День выдался прекрасный, теплый, благие ангелы защищали праздник от бурь и злых ветров. Сладкие звуки флейт и рожков безмятежно роились в мягком ласковом воздухе. На лугу царило веселье; тут резвятся танцующие пары, там молодой крестьянин перебрасывается шутками со своей милой, а поодаль беседуют старички, вспоминая молодые годы. Кусты не шелохнутся, восхитительные в своей свежей зелени, а вдали — кудрявые холмы в венках плодовых деревьев. «Отчего, — сказал себе Франц, — все вы, и учителя и ученики, вы, вечно ищущие сюжетов для своих картин, не додумались, где скорее всего могли бы их найти? Отчего никому не пришло в голову сесть за мольберт среди такой вот непринужденной толпы и представить нам эту натуру в точности как она есть {13} ? Что нужды нам в отрывочных картинках из древней истории или мифологии, чаще всего они не отзываются в нас ни радостью, ни болью, в холодных образах легенд, и часто ничего нам не говорят, ибо сам художник не видел перед собой этих святых мужей и работал без воодушевления? Не лучше ли воссоздать с точностью и без каких-либо изменений вот эти живые фигуры, дабы мы научились понимать, какая красота, какая услада скрыты в безыскусной простоте. Отчего, чтобы пленить наши взоры, вы всегда отправляетесь в дальние страны или в покрытую пылью веков неведомую старину? Разве земля, какова она сегодня, не достойна изображения? В ваших ли силах верно нарисовать мир наших праотцев, как бы вы того ни хотели? Пусть даже мы почтительно преклоняемся перед вашим духом, более великим, нежели наш; пусть творения ваши обращаются к нам голосом важным и торжественным; почему бы и прелестям земного веселья не лучиться с какого-нибудь полотна? Разве не могу я в свободный час с любовью в сердце смотреть на милых поселян, их игры, их развлечения? Глядя на те картины, я становлюсь старше и мудрее, глядя на эти — уподобляюсь резвому дитяти».
13
…сесть за мольберт… и представить нам эту натуру в точности как она есть? — Писать «на природе» и представлять природу «как она есть» — это мотивы и импульсы искусства уже XIX в., не вполне проявившиеся даже в романтическом искусстве.

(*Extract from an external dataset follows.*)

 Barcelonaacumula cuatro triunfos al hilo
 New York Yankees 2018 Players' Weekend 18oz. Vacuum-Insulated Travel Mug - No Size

Так спорил Франц с самим собою, так, и не занятый работой, не оставлял своего искусства. Едва ли нашелся бы такой предмет, при виде которого он не подумал бы о картинах, ибо так уж он был создан, что все, с чем бы он ни столкнулся, что бы ни увидел и ни услышал, в природе ли, или среди людей, напоминало ему об его занятии. Всюду находил он ответы на свои вопросы, никогда взгляд его не падал в пустоту, искусство составляло ему компанию в уединении, а когда он находился в обществе людей, то искусство сидело с ним рядом, и они вели тихую беседу; оттого-то он часто и не замечал того, в чем с легкостью разбирались люди куда более простоватые и ограниченные, а они из-за этого считали его ребячливым или даже неумным. Зато подчас он замечал то, что ускользало от других, и тогда они удивлялись меткости и остроте его суждений. Итак, Франца Штернбальда в ту пору можно было назвать — не знаю, как точнее — то ли взрослым ребенком, то ли, пожалуй, ребячливым взрослым. Счастлив тот, чей взгляд еще не проник в глубь людской глупости и убожества, тот, кто может безмятежно погружаться в самого себя и свою любовь! Блажен, кто живет лишь в самом себе, а окружающие не в силах вторгнуться в его душу и тем обратить его в рабство. Для большинства наступает пора, когда средь самого лета на них непрерывно веет зимним холодом, когда они забывают себя, чтобы угодить другим, когда они больше не приносят жертв на алтарь своего духа, а, напротив, собственное сердце кладут на алтарь мирской суеты. Потому-то ты так и мил мне, дорогой мой Франц Штернбальд, что ты в этом совсем не похож на других; когда я пишу твою историю, собственная моя юность и все, что я выстрадал, вкупе с тем, что дарило меня блаженством, возвращается ко мне в душу.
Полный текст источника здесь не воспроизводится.